• INSTRUCTIONS TO FOLLOW
Please return the data that follows precisely as written, but without the images.

• DATA EXCERPT
◇ ◇ ◇ ◇ ◇
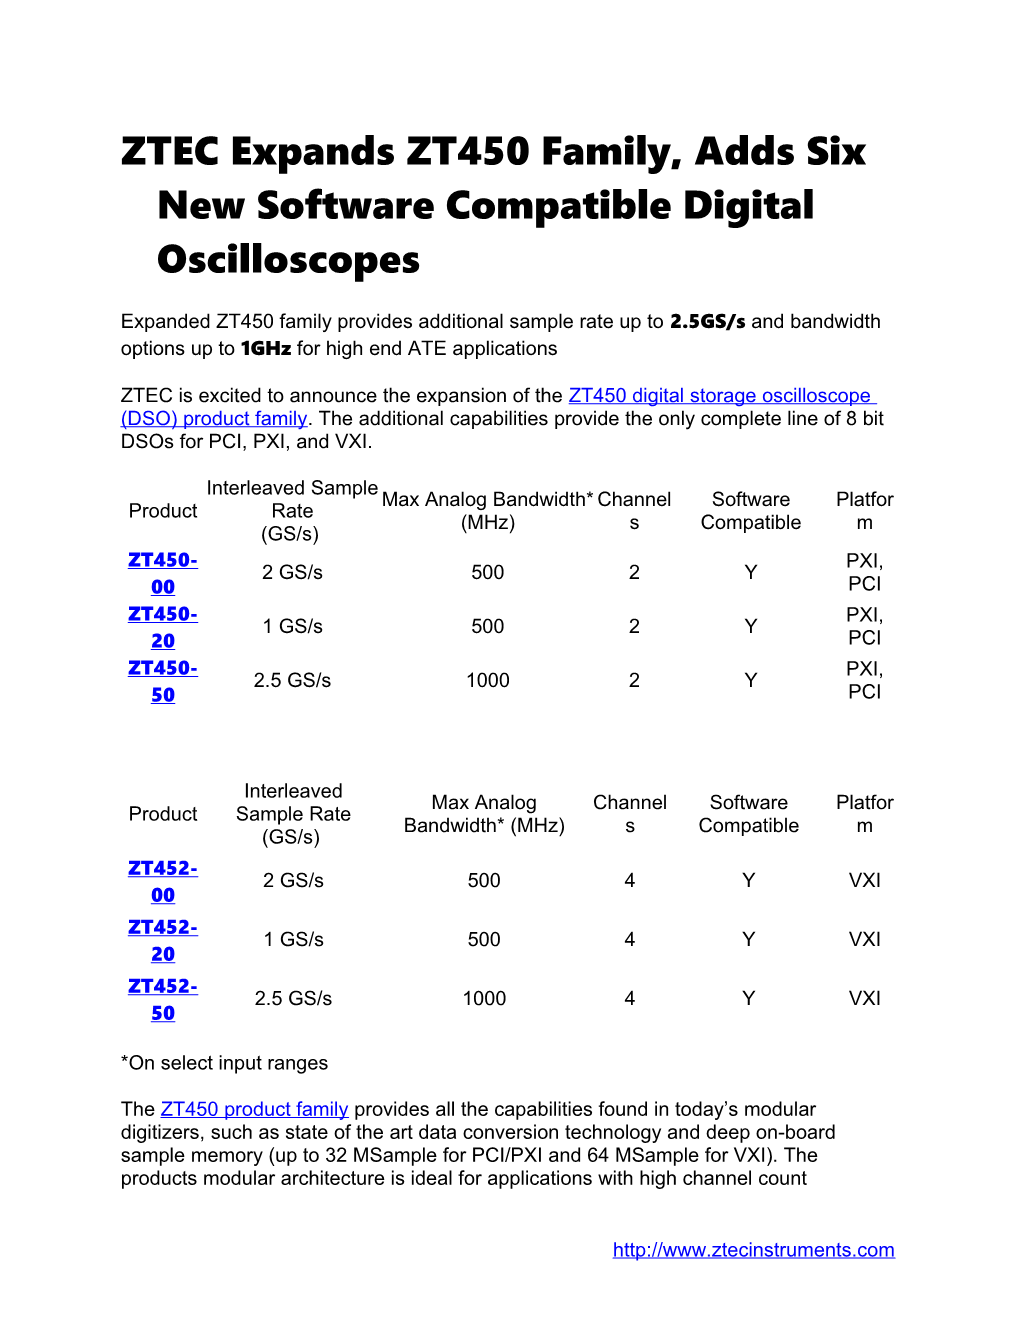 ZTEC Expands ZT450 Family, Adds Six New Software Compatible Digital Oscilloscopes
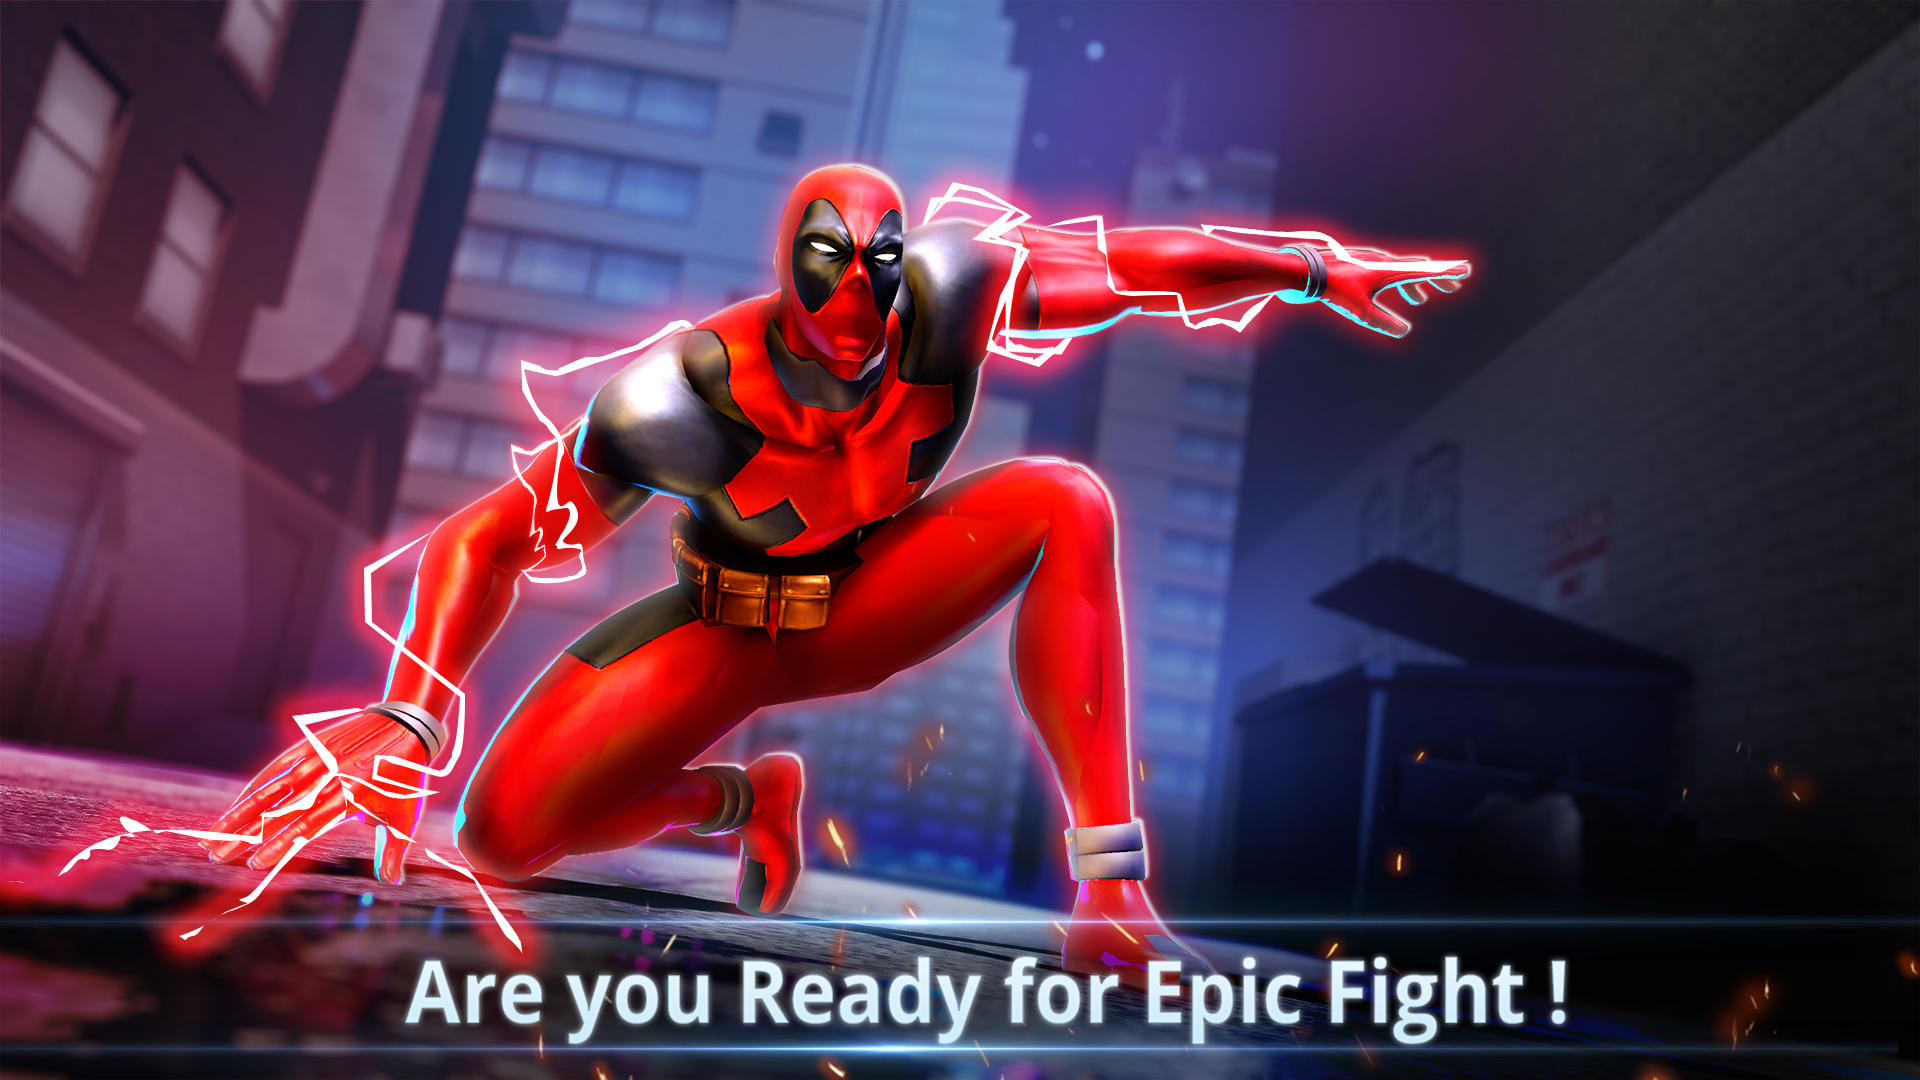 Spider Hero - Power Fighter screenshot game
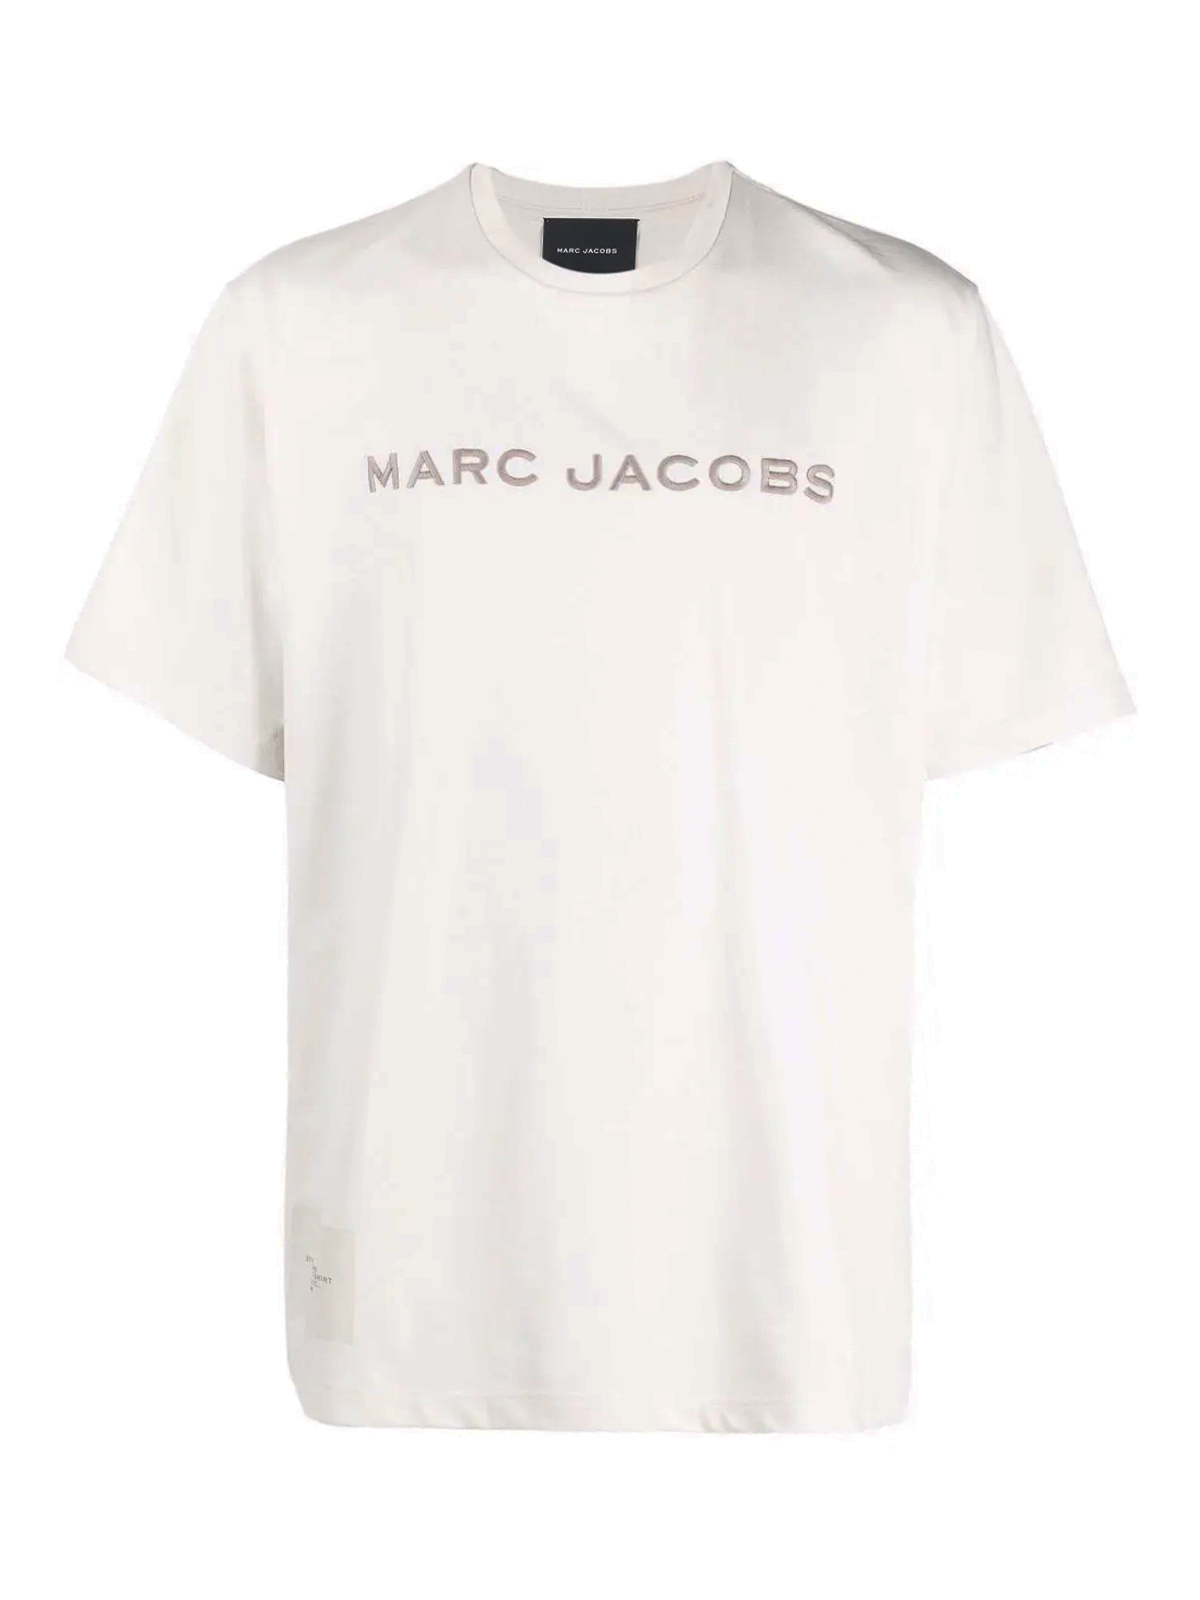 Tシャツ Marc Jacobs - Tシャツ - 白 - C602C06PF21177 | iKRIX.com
◇ ◇ ◇ ◇ ◇
• EXPECTED ANSWER
 ZTEC Expands ZT450 Family, Adds Six New Software Compatible Digital Oscilloscopes
 Spider Hero - Power Fighter screenshot game
 Tシャツ Marc Jacobs - Tシャツ - 白 - C602C06PF21177 | iKRIX.com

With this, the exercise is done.